Bolało księcia serce na myśl, co taki Babinicz uczyni z jego włościami, gdy się raz do nich ze swymi Tatary[549] dostanie. A bronić ich nie miał czym! I nie tylko włości, ale nawet własnej osoby. Między jego jurgieltnikami[550] nie było takich wielu jak Ketling i należało się spodziewać, że na pierwszą wieść o zbliżaniu się wojsk Sapieżyńskich opuszczą go wszyscy co do jednego.

Książę też nie zamierzał zabawić w Taurogach dłużej nad dni dwa lub trzy, musiał bowiem spieszyć do Prus Królewskich, do elektora i Szteinboka, którzy go mogli zaopatrzyć w nowe siły i użyć bądź do zdobywania miast pruskich, bądź wysłać w pomoc samemu królowi zamierzającemu wyprawę w głąb Rzeczypospolitej.

W Taurogach wypadło zostawić tylko kogoś z oficerów, który by ład w rozbite resztki wojsk wprowadził, opędzał się partiom chłopskim i szlacheckim, osłaniał dobra obu Radziwiłłów i porozumiewał się z Loewenhauptem, głównodowodzącym siłami szwedzkimi na Żmudzi[551].

W tym celu, po przybyciu do Taurogów i po przespanej nocy, książę wezwał na naradę Sakowicza, któremu jednemu mógł ufać i zupełnie serce otworzyć.

Dziwne było owo pierwsze „dzień dobry” w Taurogach, jakie sobie powiedzieli dwaj przyjaciele po nieszczęsnej wyprawie. Czas jakiś patrzyli na siebie bez słowa.

Przemówił pierwszy książę:

— Ano! diabli wzięli!

— Wzięli! — powtórzył Sakowicz.

— Musiało tak być przy takiej aurze. Gdybym miał więcej lekkich chorągwi lub gdyby licho nie przyniosło tego Babinicza… Do dwóch razy sztuka! Przezwał[552] się wisielec. Nie powiadajże o tym nikomu, żeby mu jeszcze sławy nie przysparzać.
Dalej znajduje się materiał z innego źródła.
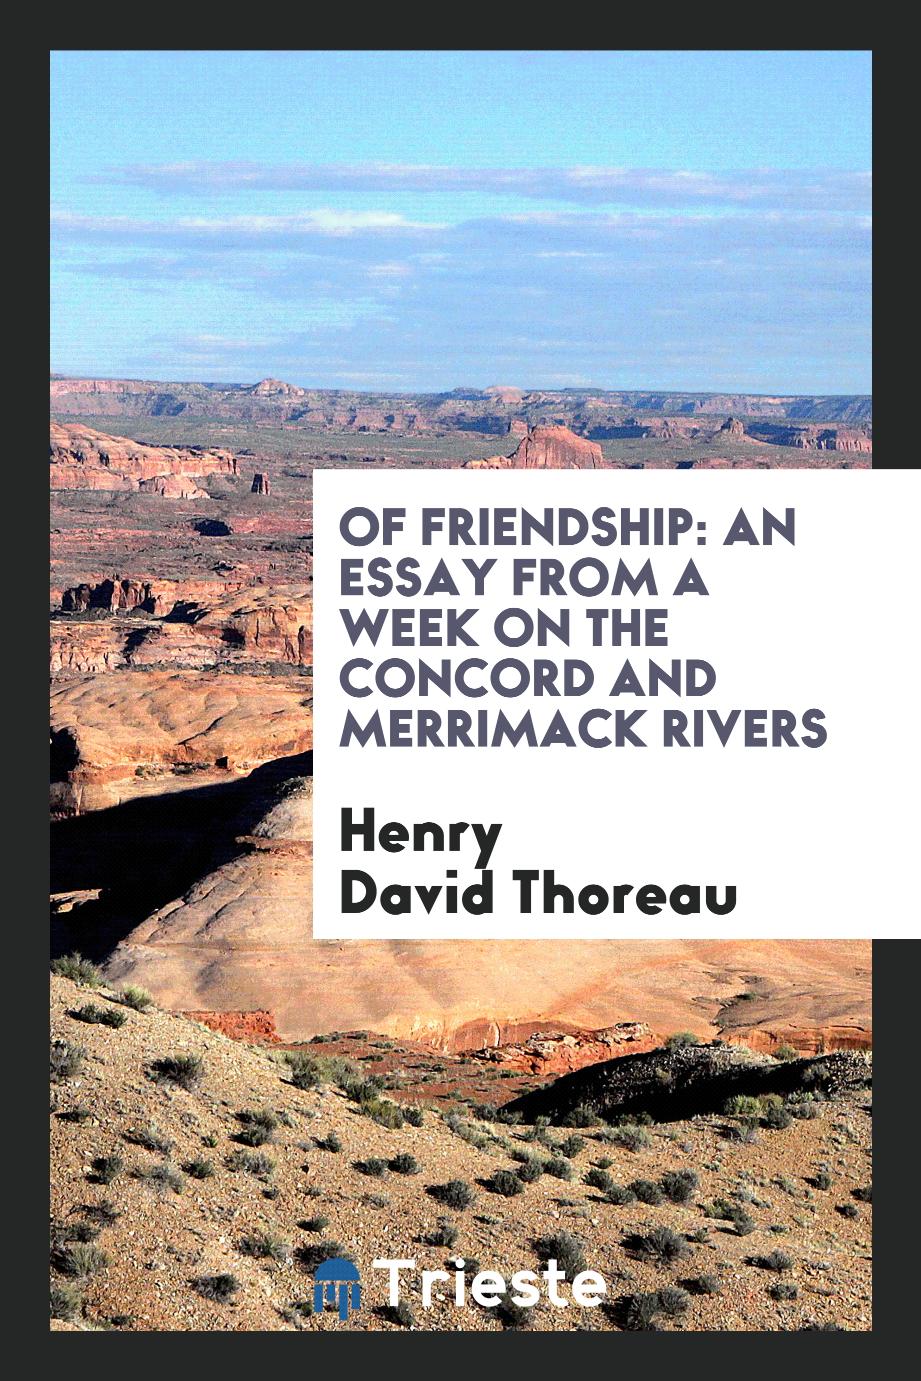 Of Friendship: An Essay from a Week on the Concord and Merrimack Rivers

— Ja nie powiem… Ale czy oficerowie nie będą trąbili, nie zaręczam, boś przecie książę prezentował go u swoich butów, jako chorążego orszańskiego.

— Oficerowie Niemcy nie rozumieją się na polskich nazwiskach. Im wszystko jedno: Kmicic czy Babinicz. A! na rogi Lucypera, żebym go dostał! A miałem go… i jeszcze, szelma, ludzi mi pobuntował, Głowbiczowski oddział odprowadził!… Musi to być jakiś bastard po naszej krwi, nie może inaczej być!… Miałem go, miałem… i uszedł!… Więcej mnie to gryzie aniżeli ta cała stracona wyprawa.

— Miałeś go, książę, ale za cenę mojej głowy.

— Jasiu! powiem ci szczerze: niechby cię tam byli ze skóry obdarli, bylem z Kmicicowej bęben mógł zrobić!

— Dziękuję ci, Bogusiu. Mniej po twojej przyjaźni nie mogłem się spodziewać.

Książę rozśmiał się:

— A skwierczałbyś na sapieżyńskim ruszcie… Wszystkie by twoje szelmostwa z ciebie wytopili. Ma foi[553]! chciałbym to widzieć!

— Ja zaś chciałbym cię widzieć w ręku Kmicica, twojego miłego krewniaka. Twarz masz inną, ale z postawy jesteście do siebie podobni i nogi macie jednej miary, i do jednej dziewki wzdychacie, tylko że ona, nie doświadczywszy, zgaduje, że tamten zdrowszy i że żołnierz lepszy.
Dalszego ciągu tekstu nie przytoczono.